Directions: From the line that contains "Les étiquettes sont manquantes." down to the last line of the data below, transcribe every line exactly.

### Provided material ###

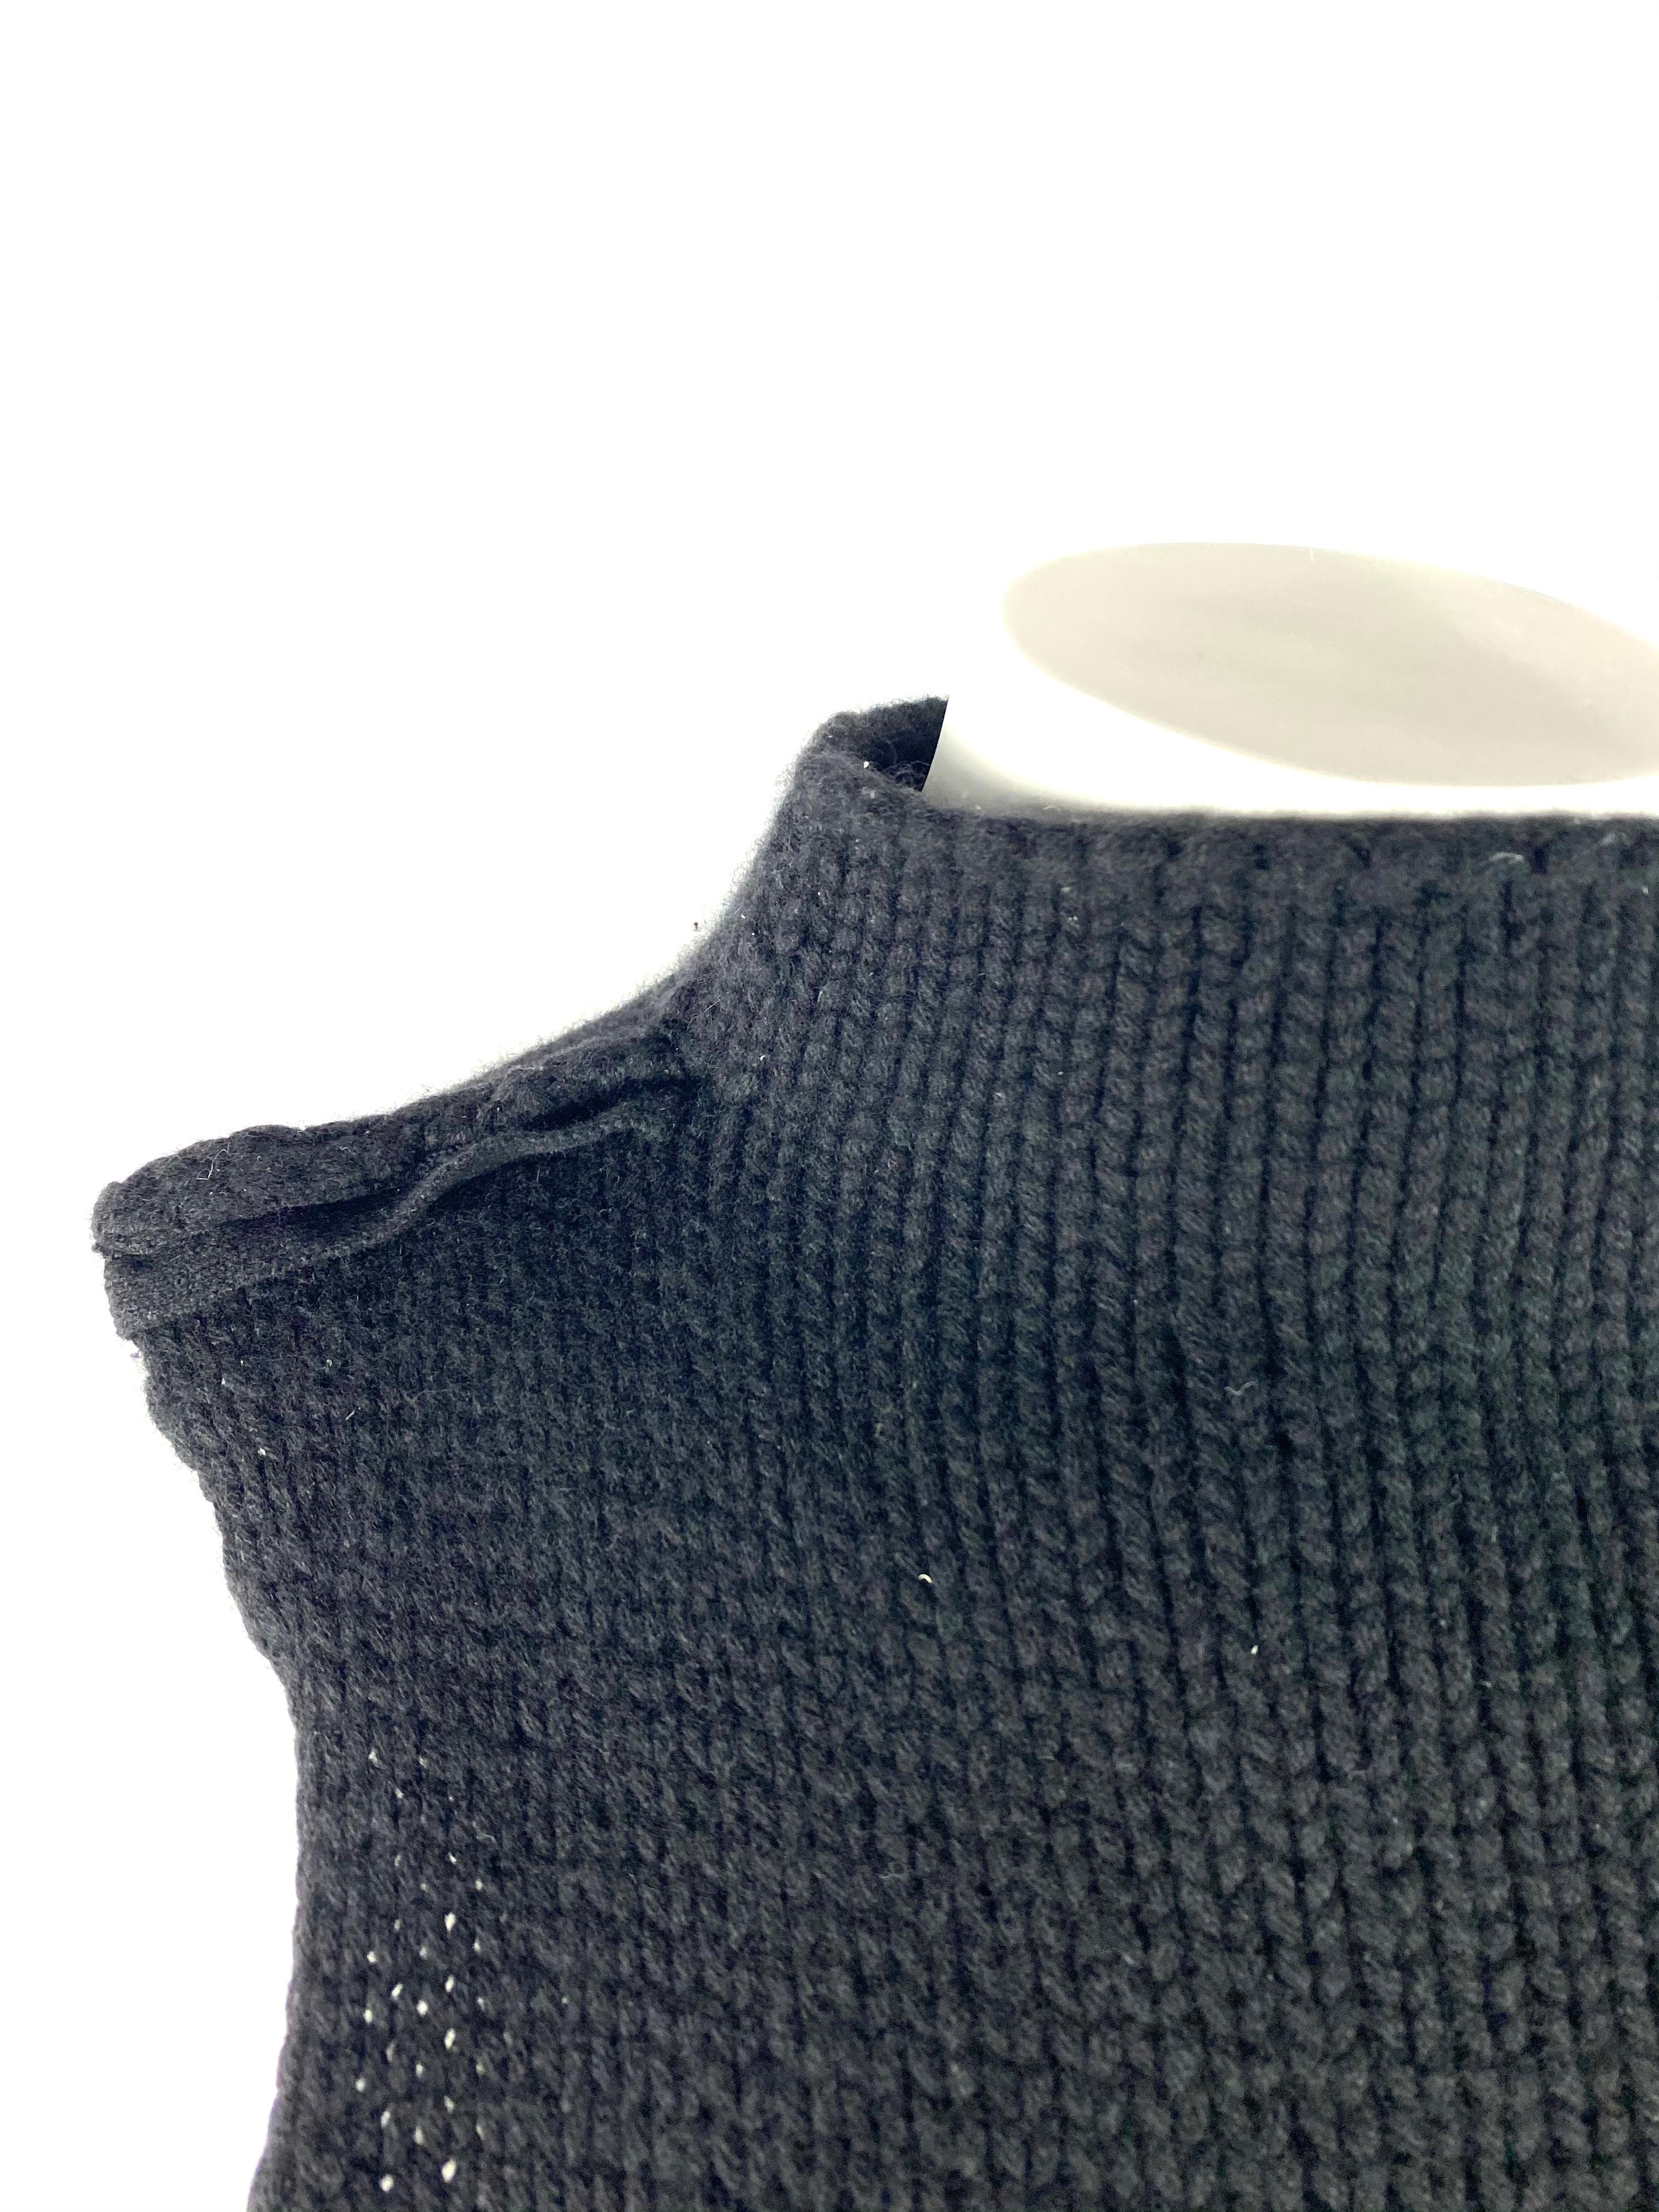 Détails du produit :

Un gilet sans manches, à col roulé, en laine et cachemire mélangés, conçu par Calvin Klein.
Les étiquettes sont manquantes.
Taille estimée par les mesures.

###

Answer:
Les étiquettes sont manquantes.
Taille estimée par les mesures.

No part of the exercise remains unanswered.